PointAddress attribute table with POINT_ADDRESS_ID field to link duplicate features for the same location

The Create Locator tool uses the values mapped to the primary ID field to skip all duplicate geometries, except for the first geometry that is encountered, which is stored in the locator. The alternate attribute values are created based on the matching IDs of the duplicate features.

Note:

If the reference data does not include the ID field, it can be added using the Find Identical tool. The Shape field can be used to find duplicates in the primary reference data based on the assumption they have the same geometry.
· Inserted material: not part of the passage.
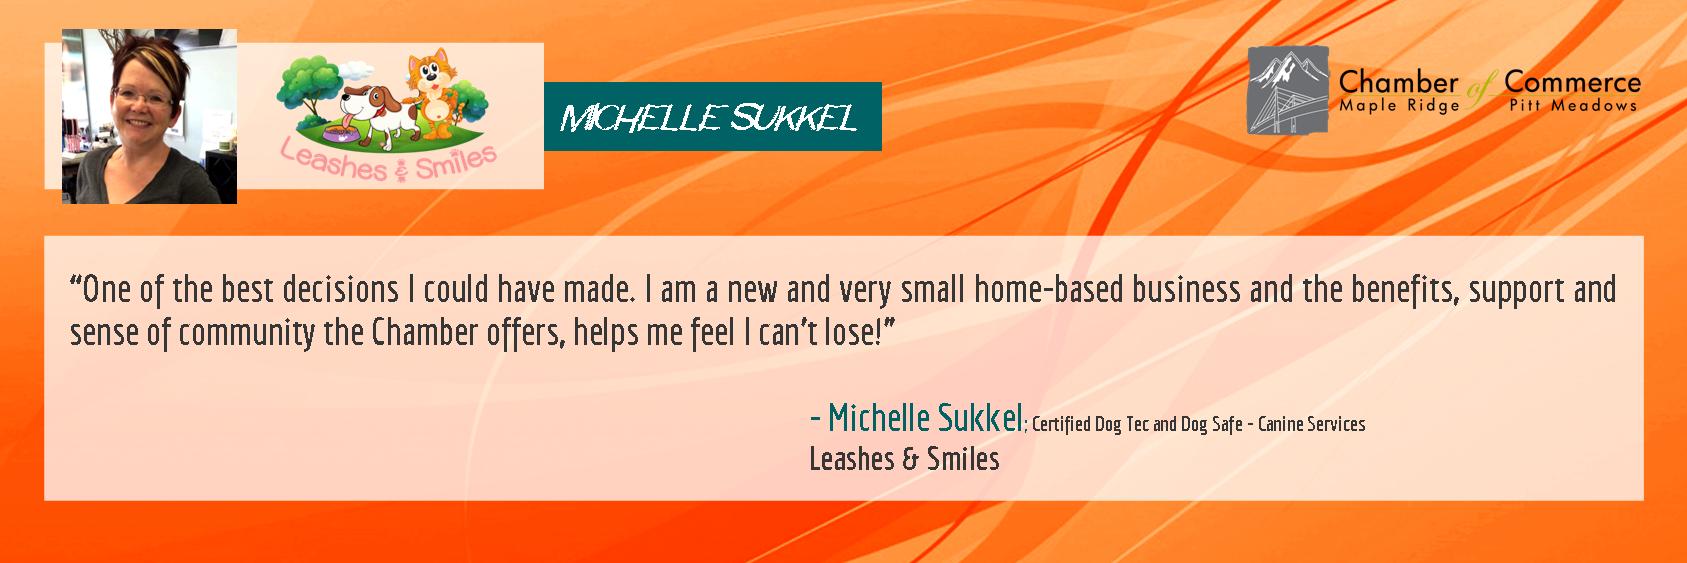 Michelle_Sukkel(1).png
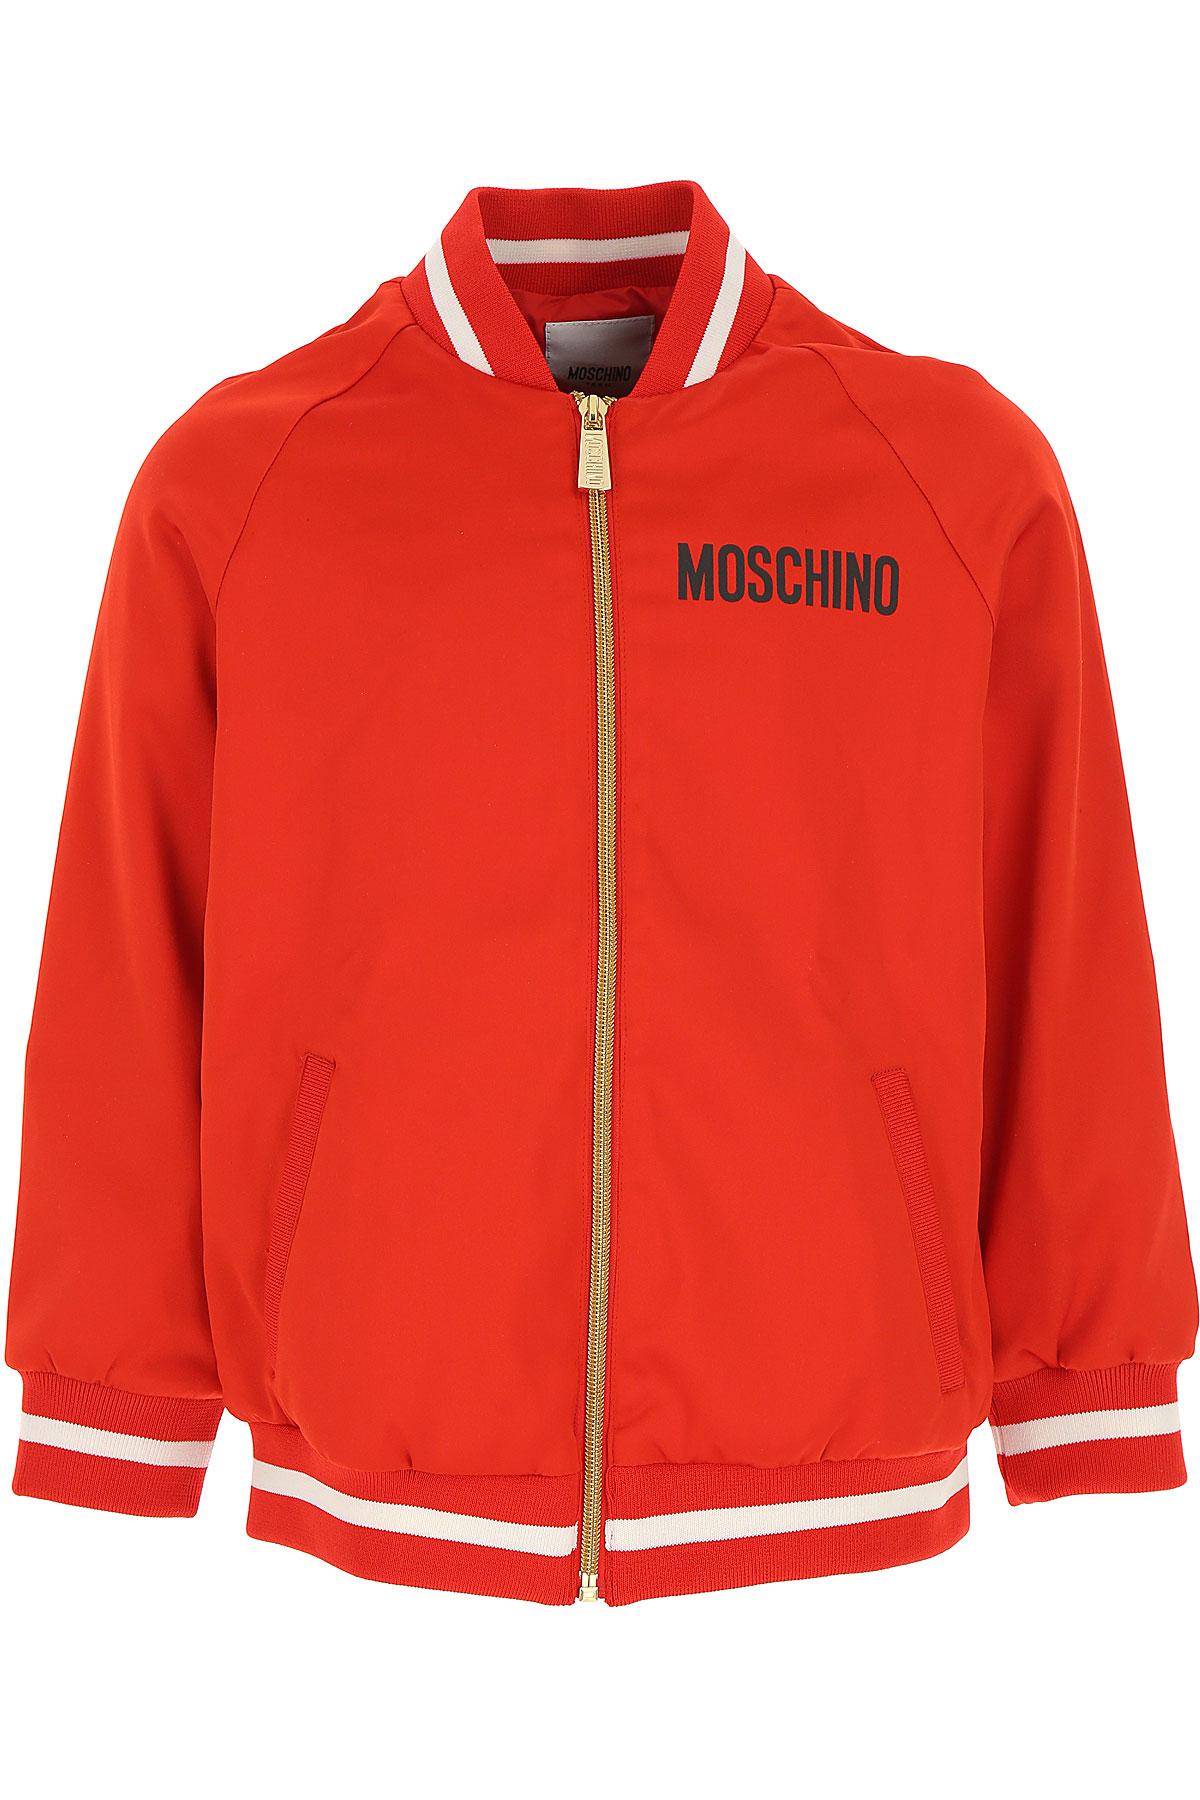 62ff18416 Girls Clothing Moschino, Style code: hda000-lra04-50316

It is possible that duplicates can occur in the reference data when two separate addresses or places of interest (POIs) share the same location, which can be problematic. This procedure will not work in all cases. If the Shape field is used with the Find Identical tool, the output table will contain identical IDs for the duplicate features. Then, it can be joined with the primary reference data and used to build the locator.

If you have a point feature class you want to use as primary reference data and it contains 13 million features, of which 10 million are unique features, mapping the primary ID field will activate the functionality in the Create Locator tool to remove duplicate geometries. The result is a locator that is reduced from 253 MB to 200 MB in size.

Primary ID fields for each role

RolePrimary ID

Point Address

Address Join ID

Parcel

Parcel Join ID

Street Address

Street Join ID

POI

Place Join ID

Distance Marker

Street Join ID

Distance Range

Street Join ID

Postal

Postal Join ID

Postal Extension

Postal Extension Join ID

Postal Locality

A combination of Postal Join ID and all of the mapped administrative areas' Join IDs is used as the primary ID in the Create Locator tool, so all of these should be mapped.

Zone

Zone Join ID

Block

Block Join ID

Sector

Sector Join ID

Neighborhood

Neighborhood Join ID

District

District Join ID

City

City Join ID

Metro Area

Metro Area Join ID

Subregion

Subregion Join ID

Region

Region Join ID

Territory

Territory Join ID

Country

Country Join ID